Current Report on Form 8-K, filed January 28, 2011
| 9. | It is not clear how DeGoyler and MacNaughton determined the proved undeveloped reserves for the Haynesville Shale wells. In their report they say they applied recovery factors to OGIP. Please tell us what these recovery factors were based on and the reliability of an original-oil-in-place calculation in the Haynesville Shale. In addition, you might consider having the reserve letter report revised to truly represent the work that was done on the GMX Resources’ reserves determined and to not contain boiler plate disclosure that discusses every reserve methodology whether it was actually used or not. If they did not use a recovery factor to calculate the reserves they should not be stating that they did or may have. |
Response:
DeGoyler and MacNaughton has provided a revised reserve letter report that addresses the above issues, which exhibit is filed as Exhibit 99.2 to the Form 10-K/A filed on September 1, 2011.

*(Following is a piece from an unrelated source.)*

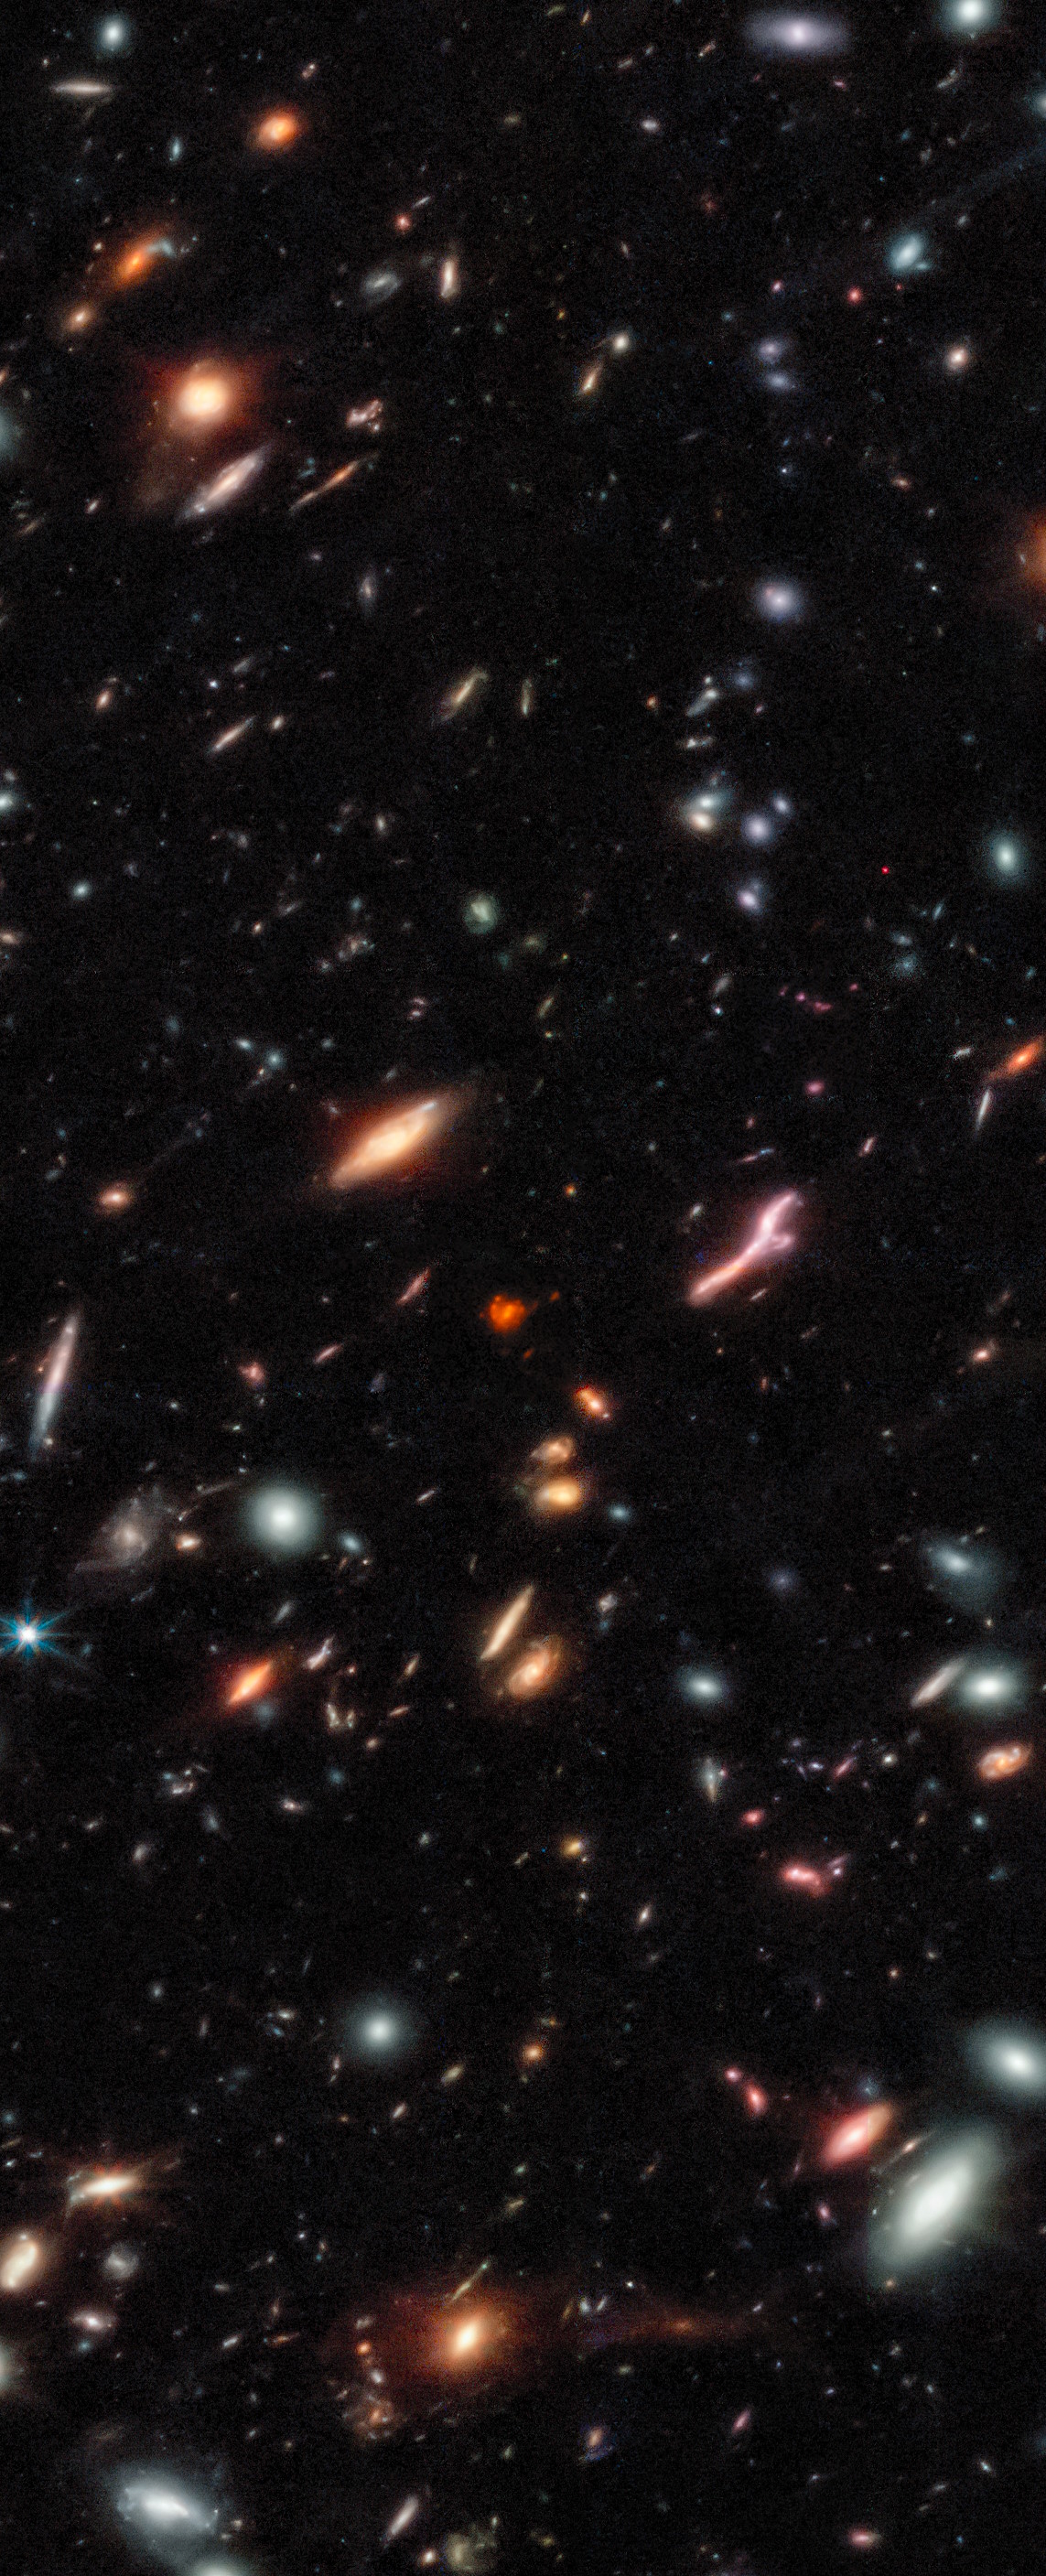 JWSTAbell 2744 galaxies

| 10. | The DeGoyler & MacNaughton reserve letter states, under economic assumptions, that estimated future gross revenue, future net revenue, and present worth of future net revenue are based on the continuation of prices in effect on December 31, 2010. This is not in compliance with the current SEC regulations on pricing. Please see the definition of Proved Reserves under Rule 210.4-10(a)(22)(v). Please revise the letter report and Standardized Measure as necessary. |
Response:
The reserve letter language was meant to convey “based on the continuation of SEC pricing guidelines in effect as of December 31, 2010.” The language has been revised in the revised reserve letter as noted above in the response to Comment 9, which exhibit is filed as Exhibit 99.2 to the Form 10-K/A filed on September 1,2011. The estimates were not changed, as the estimates had been correctly prepared in accordance with SEC guidelines, as described in the pricing discussion.
September 1, 2011
Page 9
| 11. | The DeGoyler & MacNaughton reserve letter should be revised to provide the geographic location of the reserves. Please see paragraph (a)(8)(iii) of Item 1202 of Regulation S-K. The letter should also be revised to include the purpose for which the report was prepared and the date on which the report was completed. In addition the report should be revised to include a discussion regarding the inherent uncertainties of reserve estimates. Please see paragraph (a)(8)(i), paragraph (a)(8)(ii) and paragraph (a)(8)(vii) of Item 1202 of Regulation S-K. |
Response:
All of the issues in Comment 11 are addressed in the revised letter report as noted in Comment 9, which exhibit is filed as Exhibit 99.2 to the Form 10-K/A filed on September 1, 2011. The discussion regarding the inherent uncertainties of reserves estimates was included on page 7 of our previous letter.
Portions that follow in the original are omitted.